RECORDS FOR THIS EXERCISE =>

* * * * * * * * *

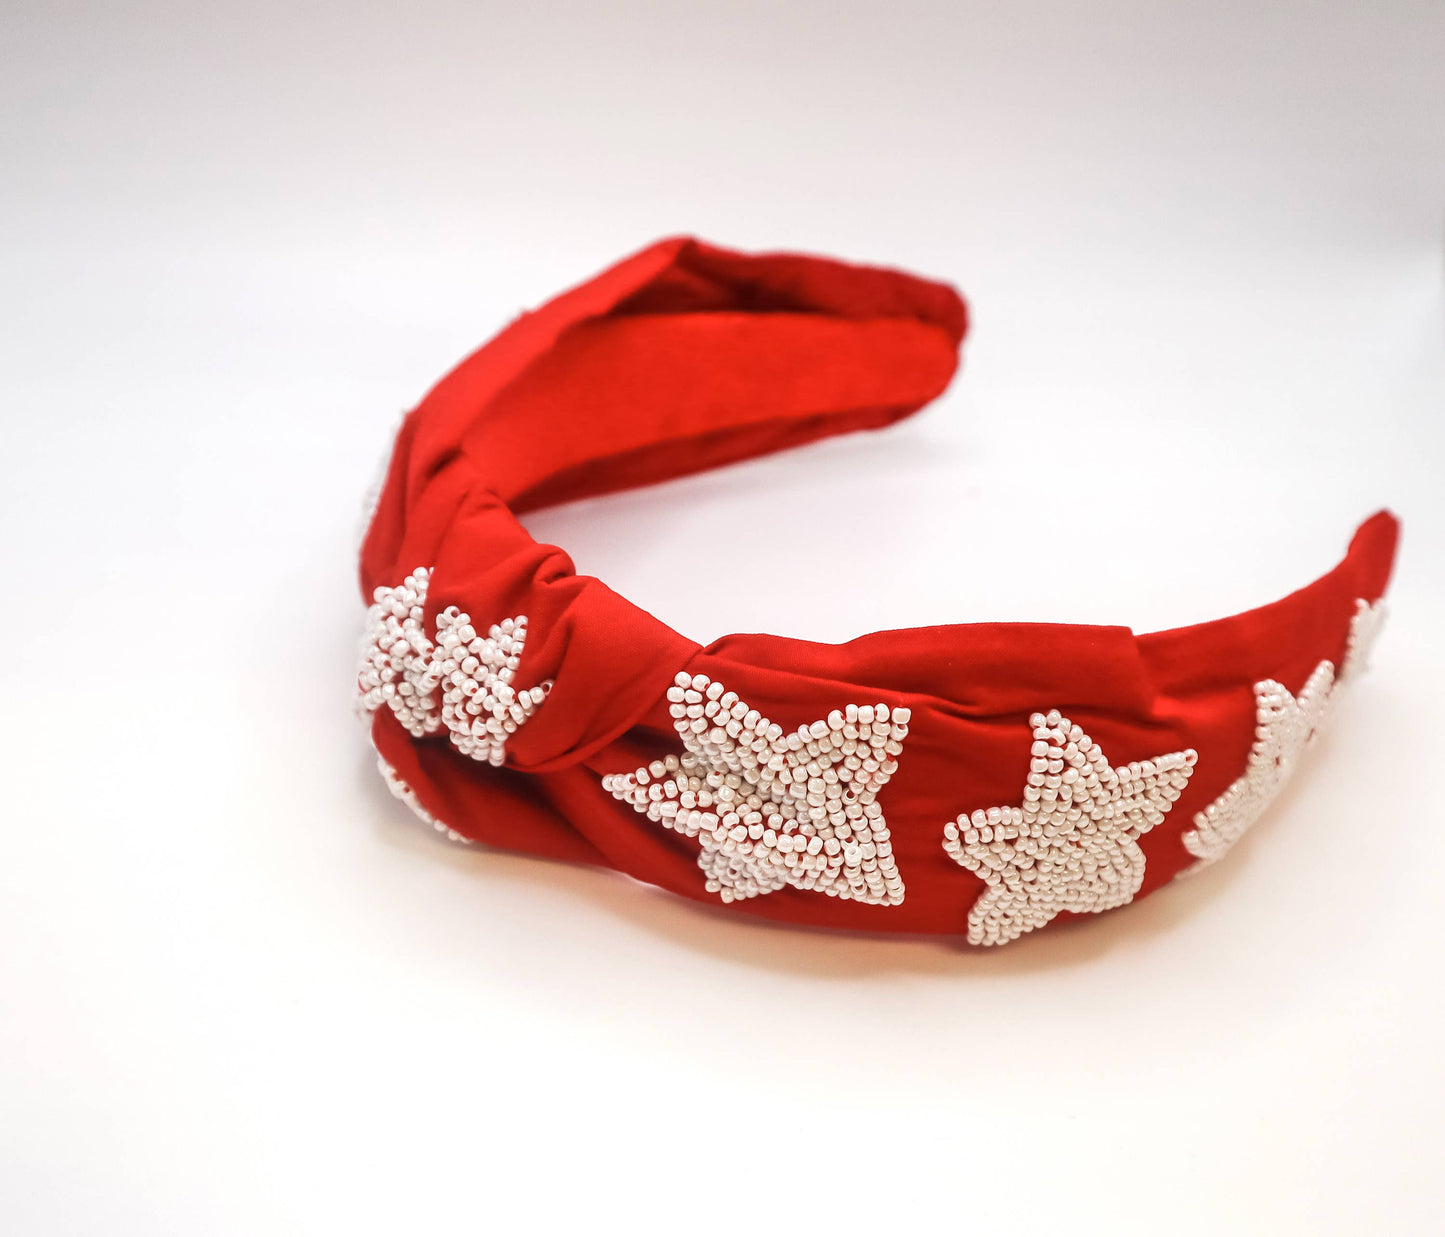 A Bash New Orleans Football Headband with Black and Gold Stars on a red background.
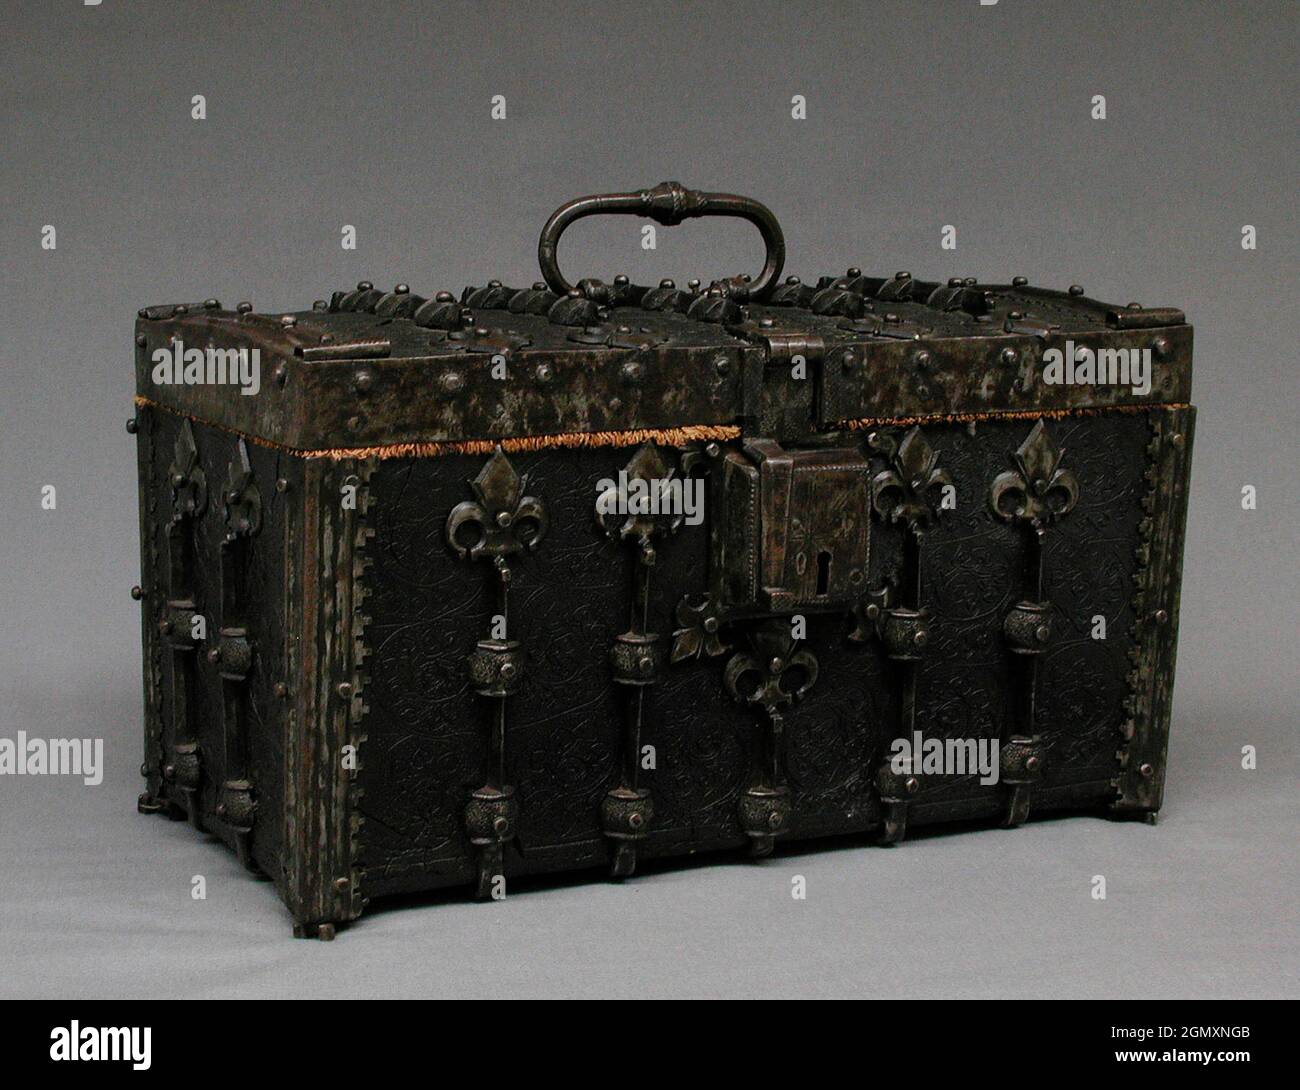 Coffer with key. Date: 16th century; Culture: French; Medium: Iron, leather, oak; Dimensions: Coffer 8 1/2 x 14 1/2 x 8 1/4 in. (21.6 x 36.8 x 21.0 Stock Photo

* * * * * * * * *

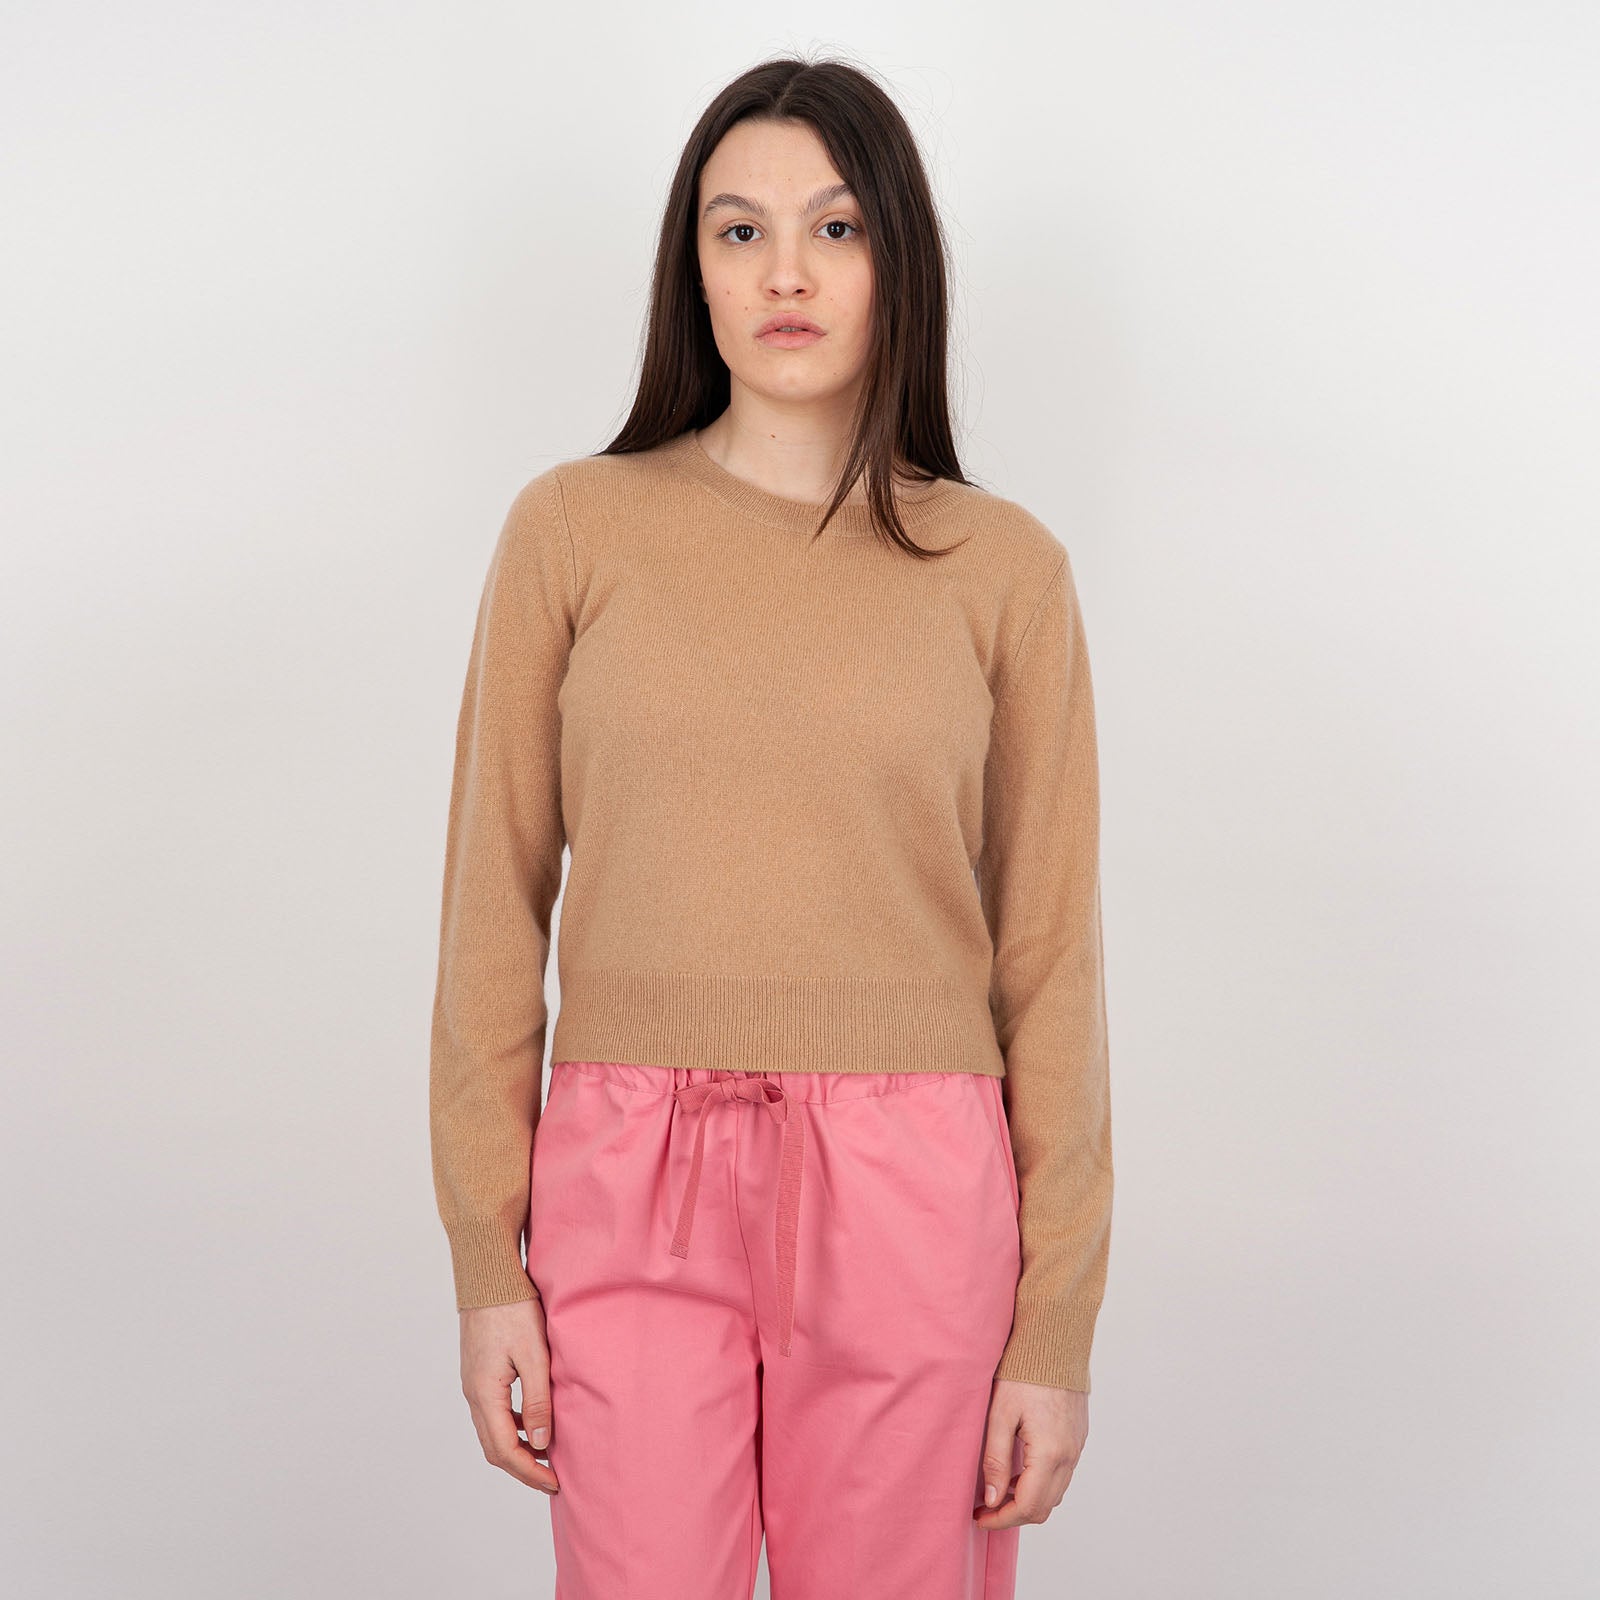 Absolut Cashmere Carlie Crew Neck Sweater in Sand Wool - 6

* * * * * * * * *

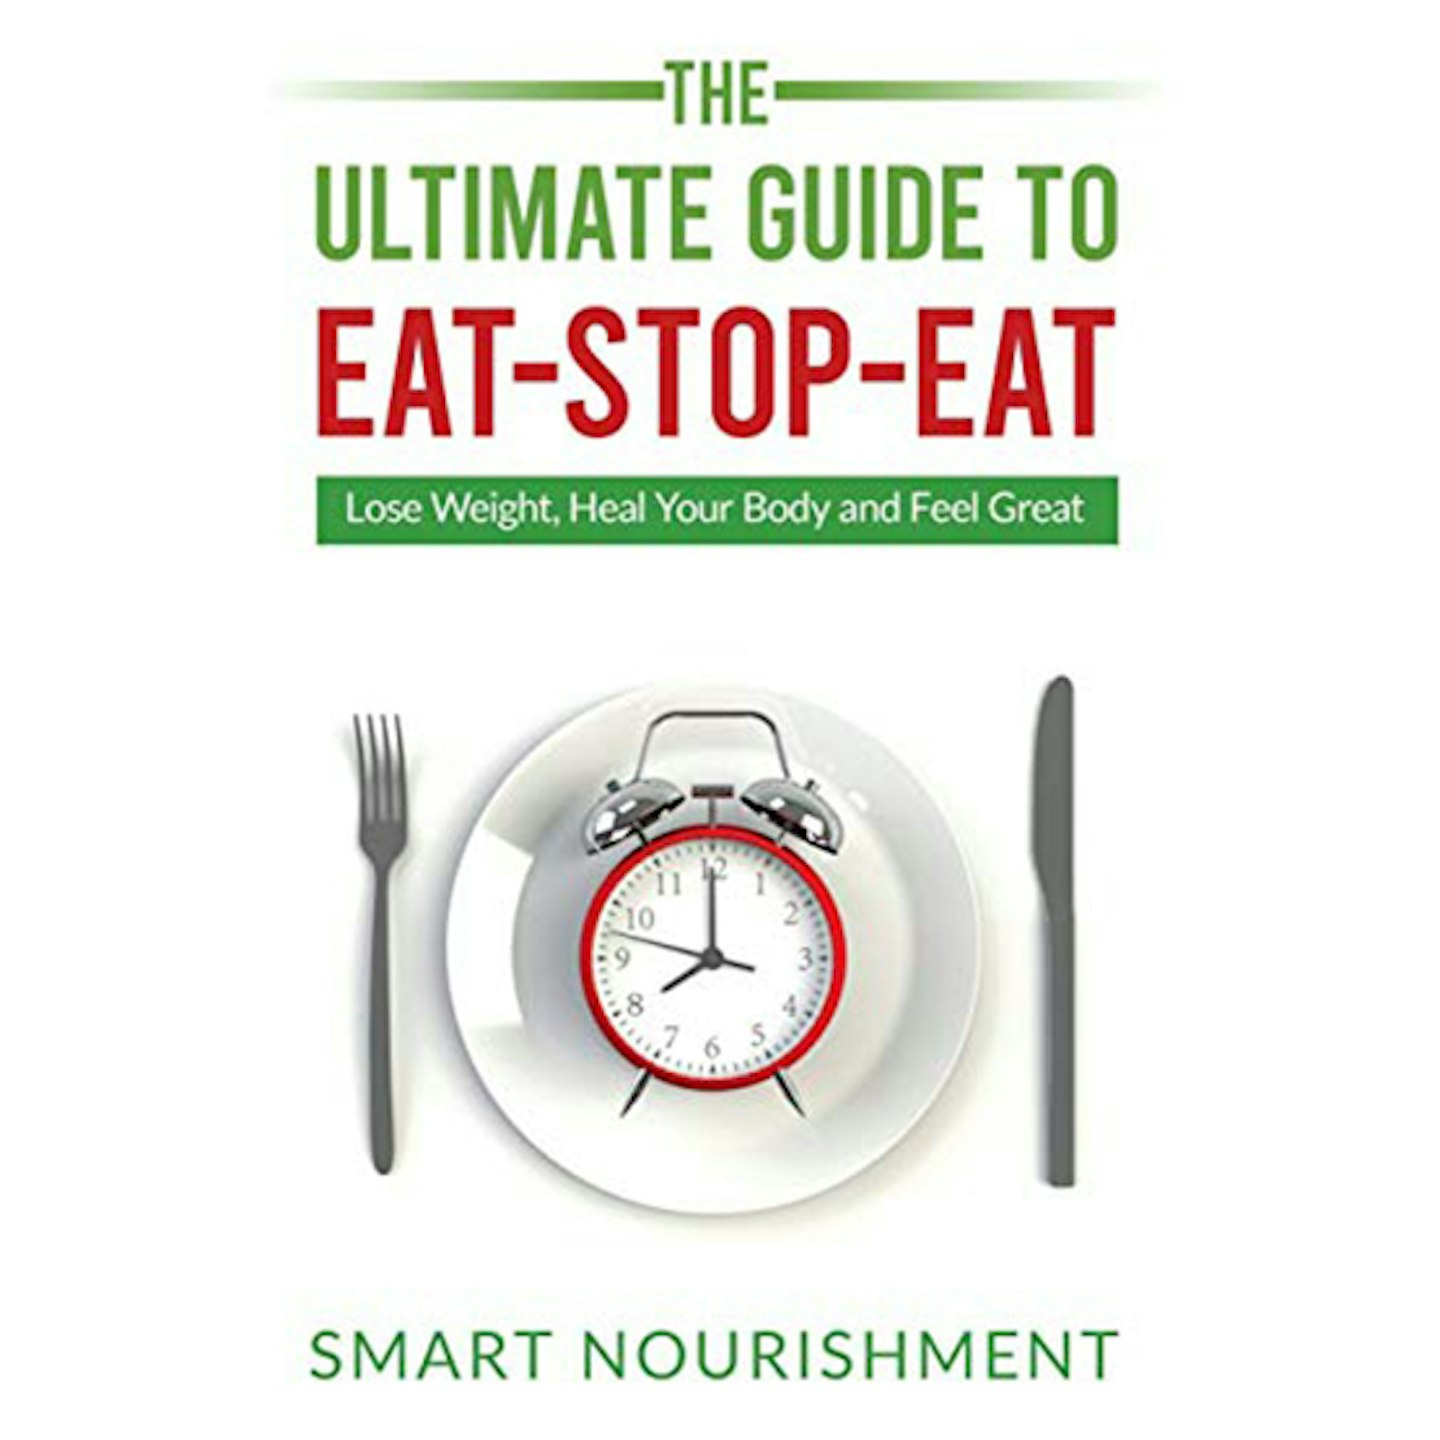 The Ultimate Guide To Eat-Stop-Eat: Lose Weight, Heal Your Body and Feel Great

* * * * * * * * *

WHAT THIS TASK INVOLVES => Output only the lines above from the line that holds "A Bash New Orleans" through the line that holds "Coffer with key.", both ends included, and exclude pictures.

EXPECTED OUTPUT =>
 A Bash New Orleans Football Headband with Black and Gold Stars on a red background.
 Coffer with key. Date: 16th century; Culture: French; Medium: Iron, leather, oak; Dimensions: Coffer 8 1/2 x 14 1/2 x 8 1/4 in. (21.6 x 36.8 x 21.0 Stock Photo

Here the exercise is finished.